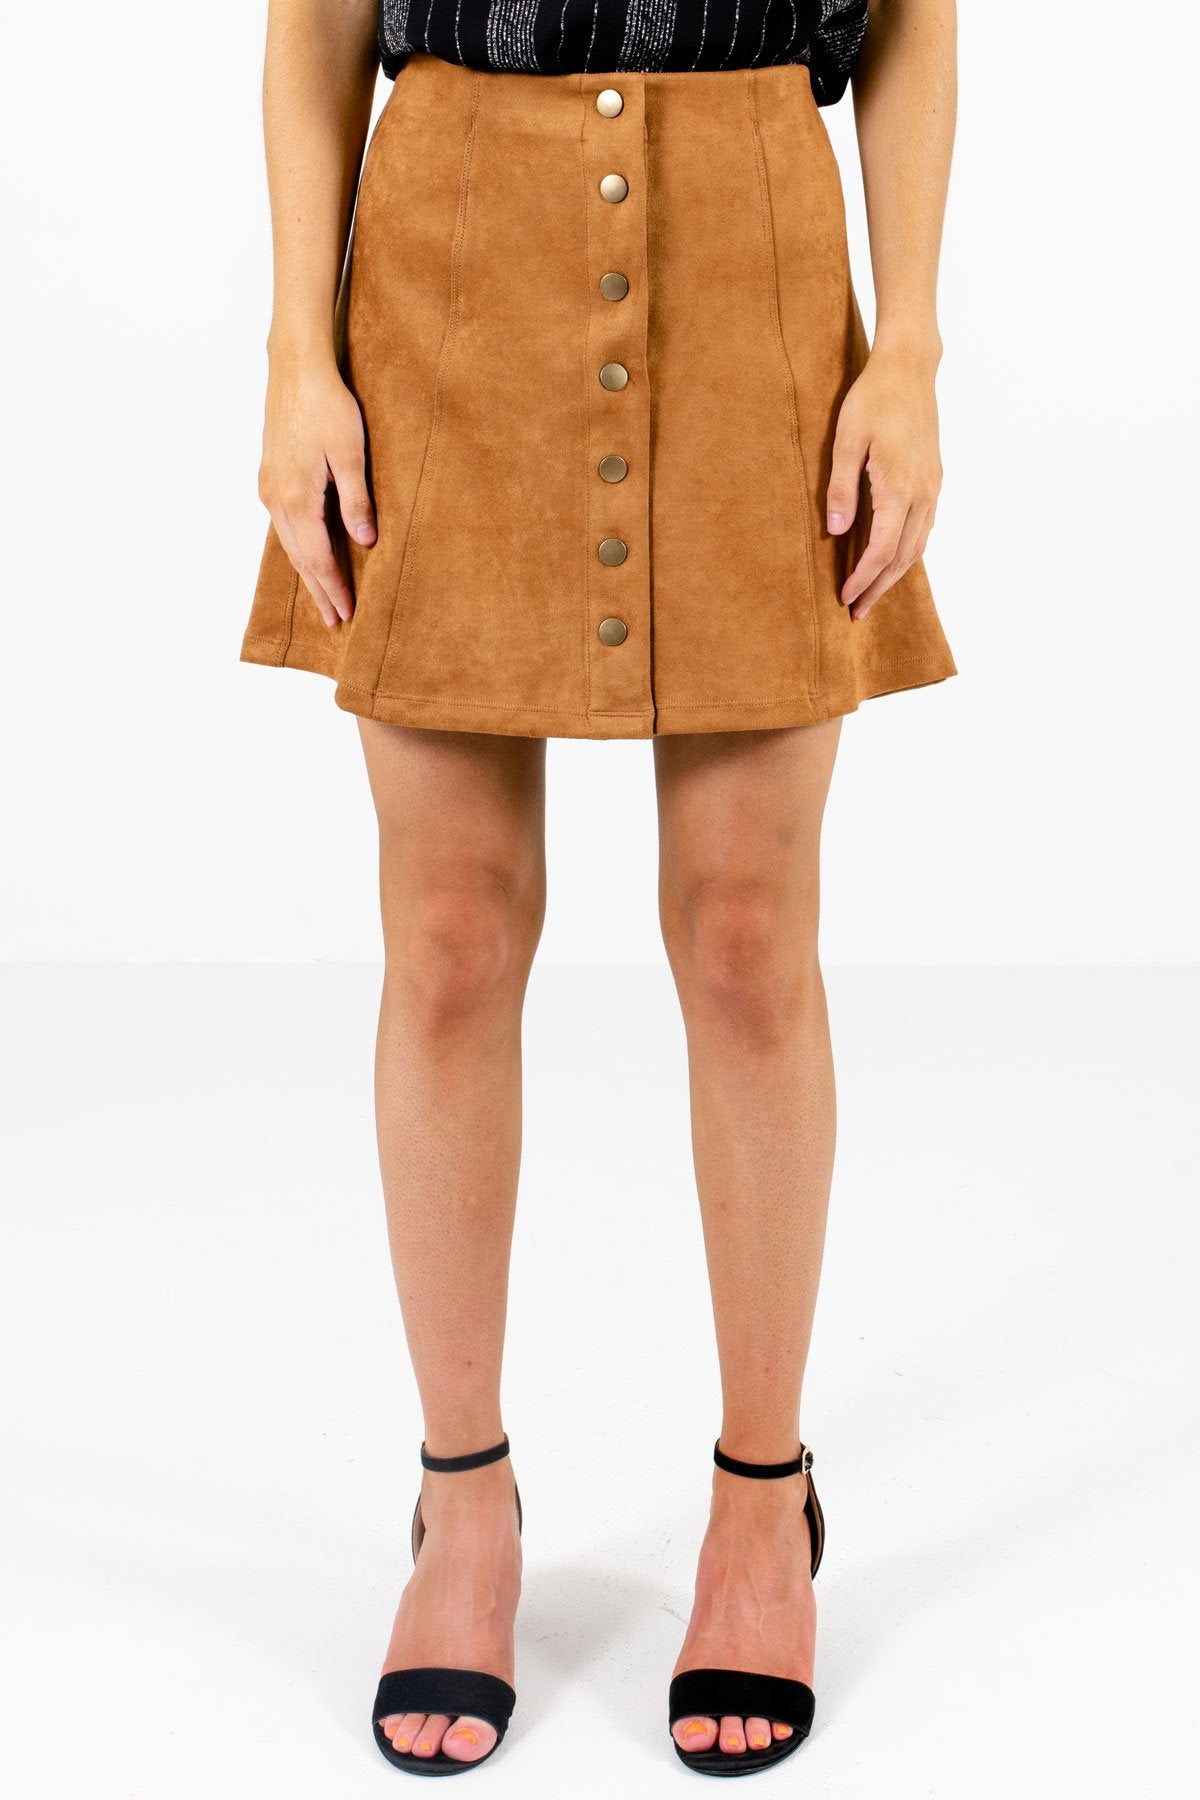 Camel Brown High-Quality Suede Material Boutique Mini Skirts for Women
# # # # #
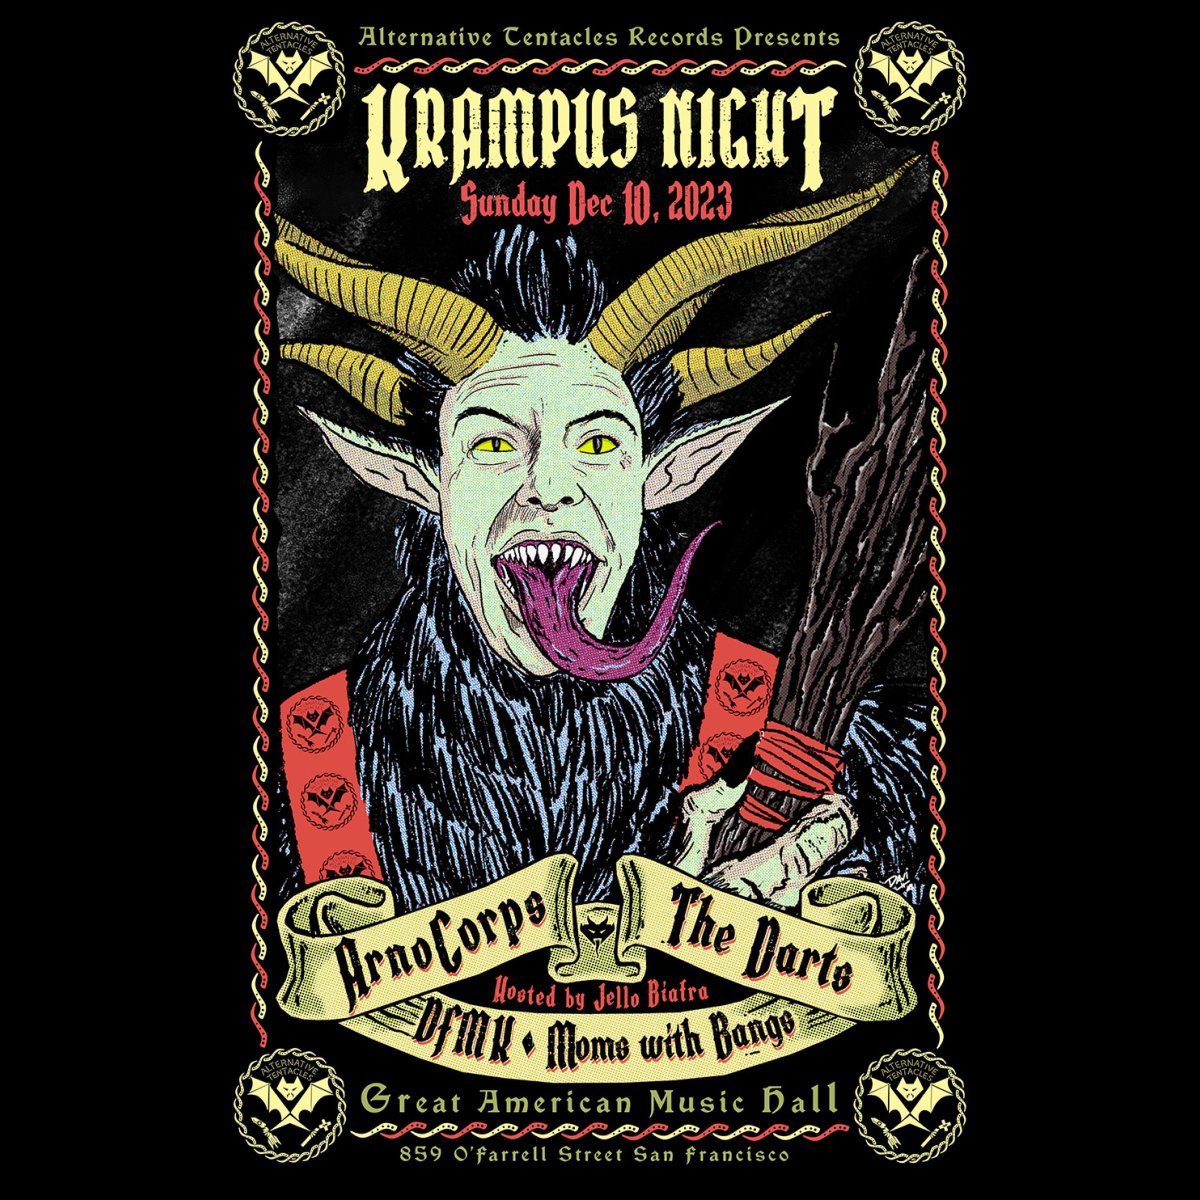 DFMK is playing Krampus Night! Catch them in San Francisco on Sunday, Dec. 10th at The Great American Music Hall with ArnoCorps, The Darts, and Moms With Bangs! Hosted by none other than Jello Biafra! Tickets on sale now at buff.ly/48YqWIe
# # # # #
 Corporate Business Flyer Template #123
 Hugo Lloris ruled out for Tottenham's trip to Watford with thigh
# # # # #
- **Task description**
Referring to the material above, set down exactly the lines between the line with "Corporate Business Flyer Template #123" and the line with "Hugo Lloris ruled", inclusive, and no other lines.

- **Response box**
 Corporate Business Flyer Template #123
 Hugo Lloris ruled out for Tottenham's trip to Watford with thigh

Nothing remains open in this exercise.